→ YOUR OBJECTIVE
Exactly the lines from the line that has "Assiettes creuses en" through the final line below are to be retyped, and the pictures are not.
--- MATERIAL PROVIDED ---
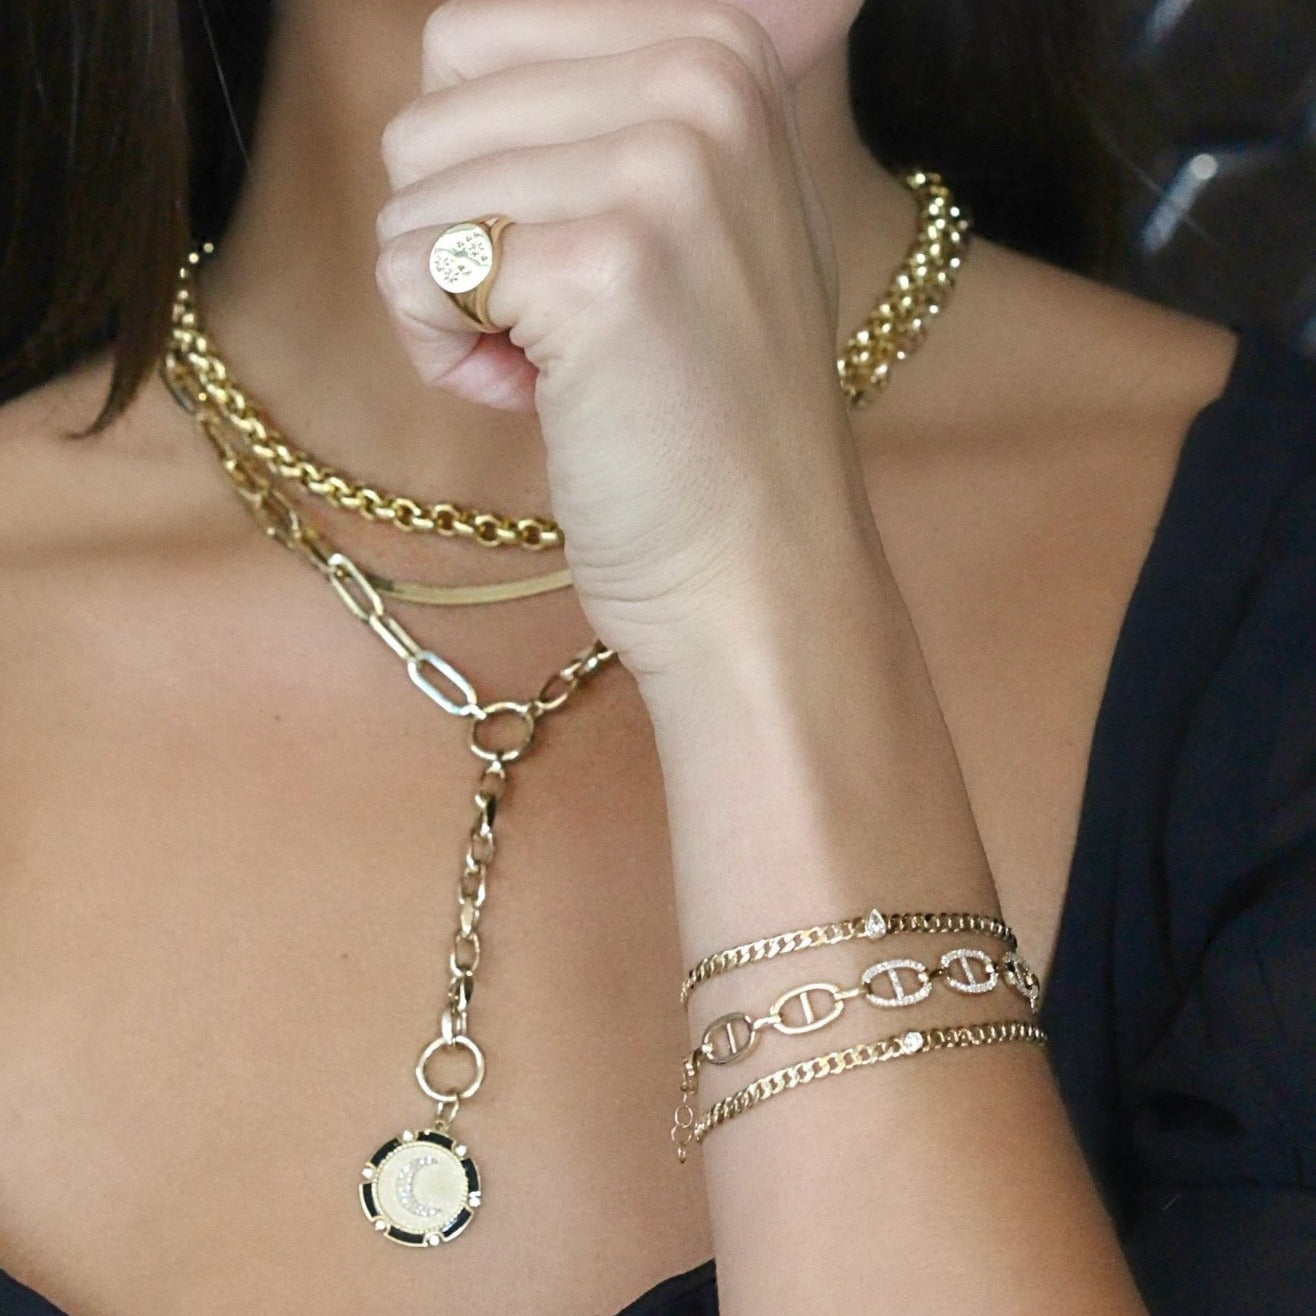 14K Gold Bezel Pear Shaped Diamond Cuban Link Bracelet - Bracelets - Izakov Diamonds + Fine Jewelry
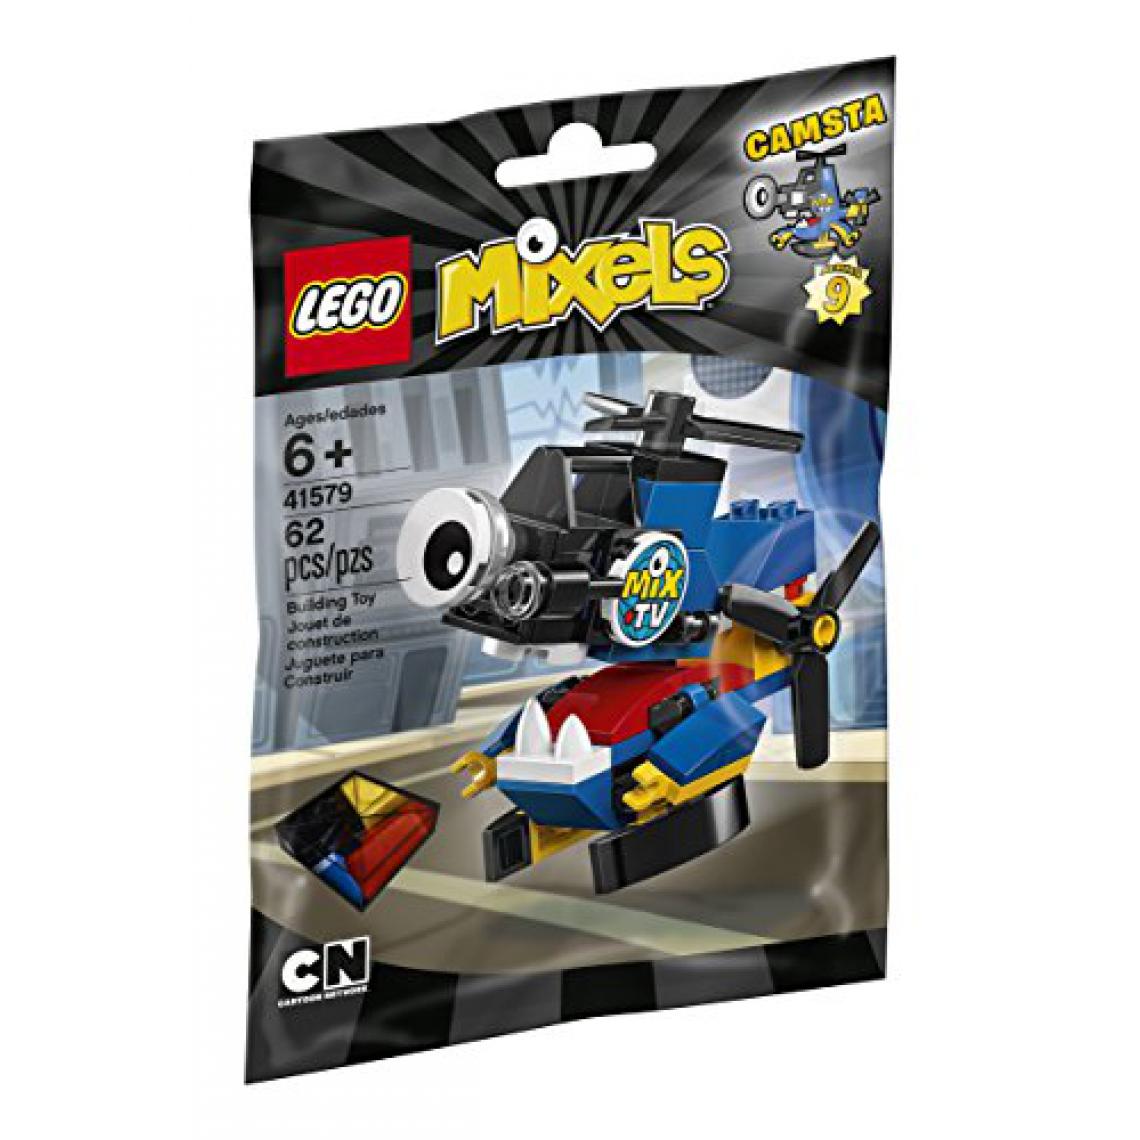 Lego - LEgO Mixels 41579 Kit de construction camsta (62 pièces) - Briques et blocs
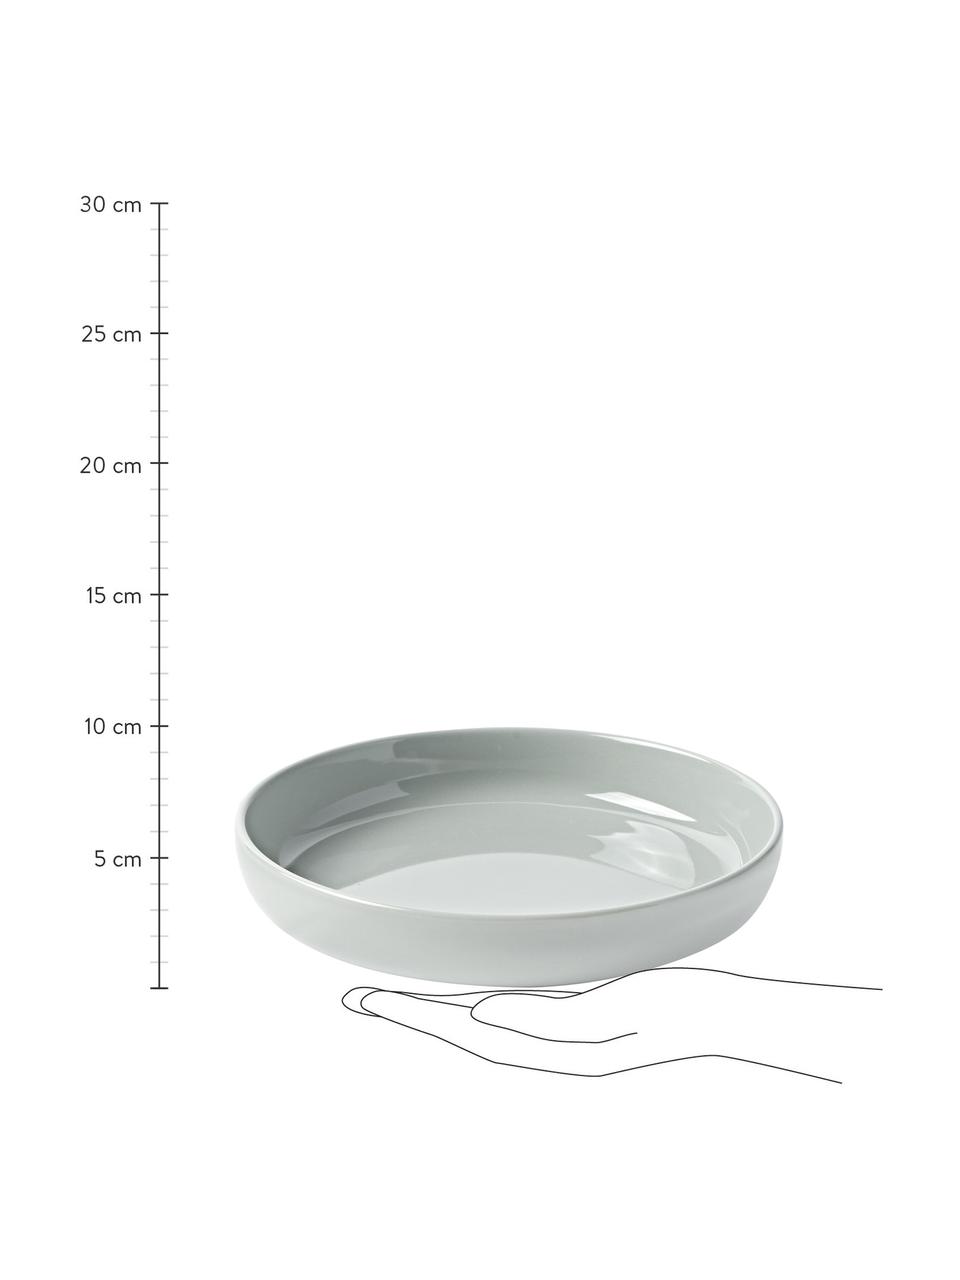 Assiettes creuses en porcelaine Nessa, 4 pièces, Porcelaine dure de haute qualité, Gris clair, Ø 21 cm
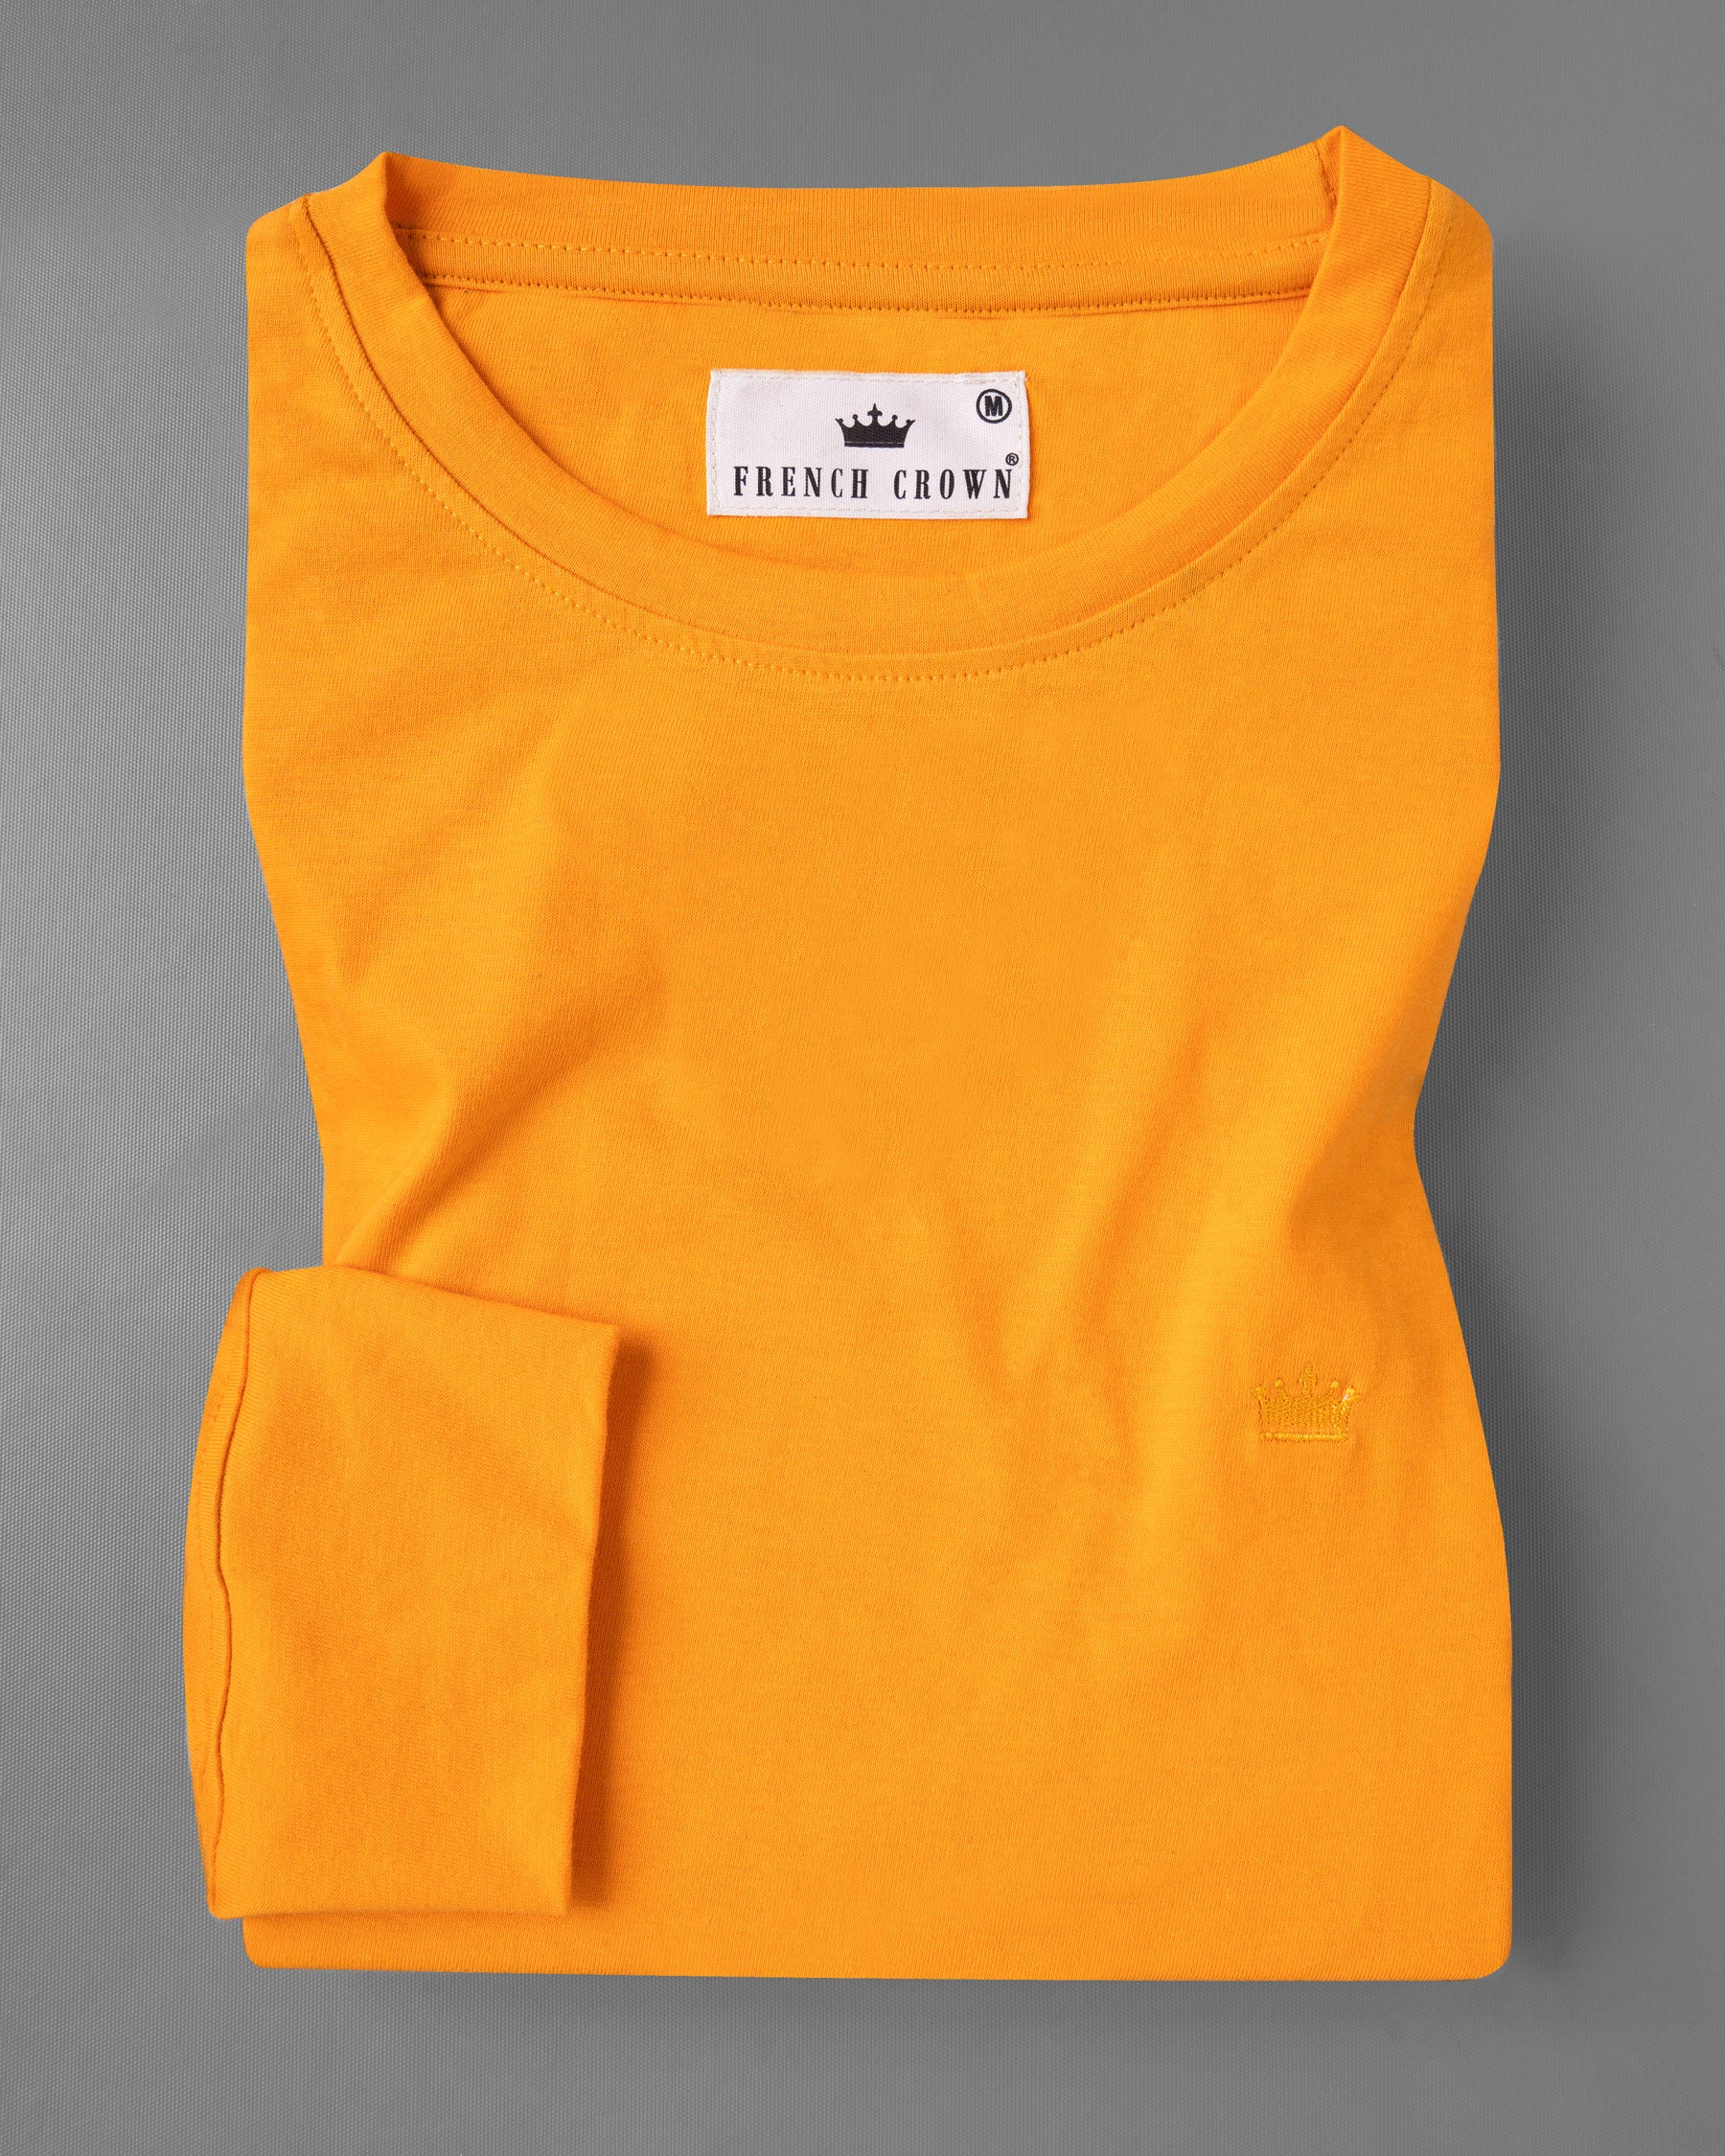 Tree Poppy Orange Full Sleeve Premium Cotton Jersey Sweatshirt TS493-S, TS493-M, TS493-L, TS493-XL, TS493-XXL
---
→ ANSWER BOX
 Assiettes creuses en porcelaine Nessa, 4 pièces, Porcelaine dure de haute qualité, Gris clair, Ø 21 cm
 Tree Poppy Orange Full Sleeve Premium Cotton Jersey Sweatshirt TS493-S, TS493-M, TS493-L, TS493-XL, TS493-XXL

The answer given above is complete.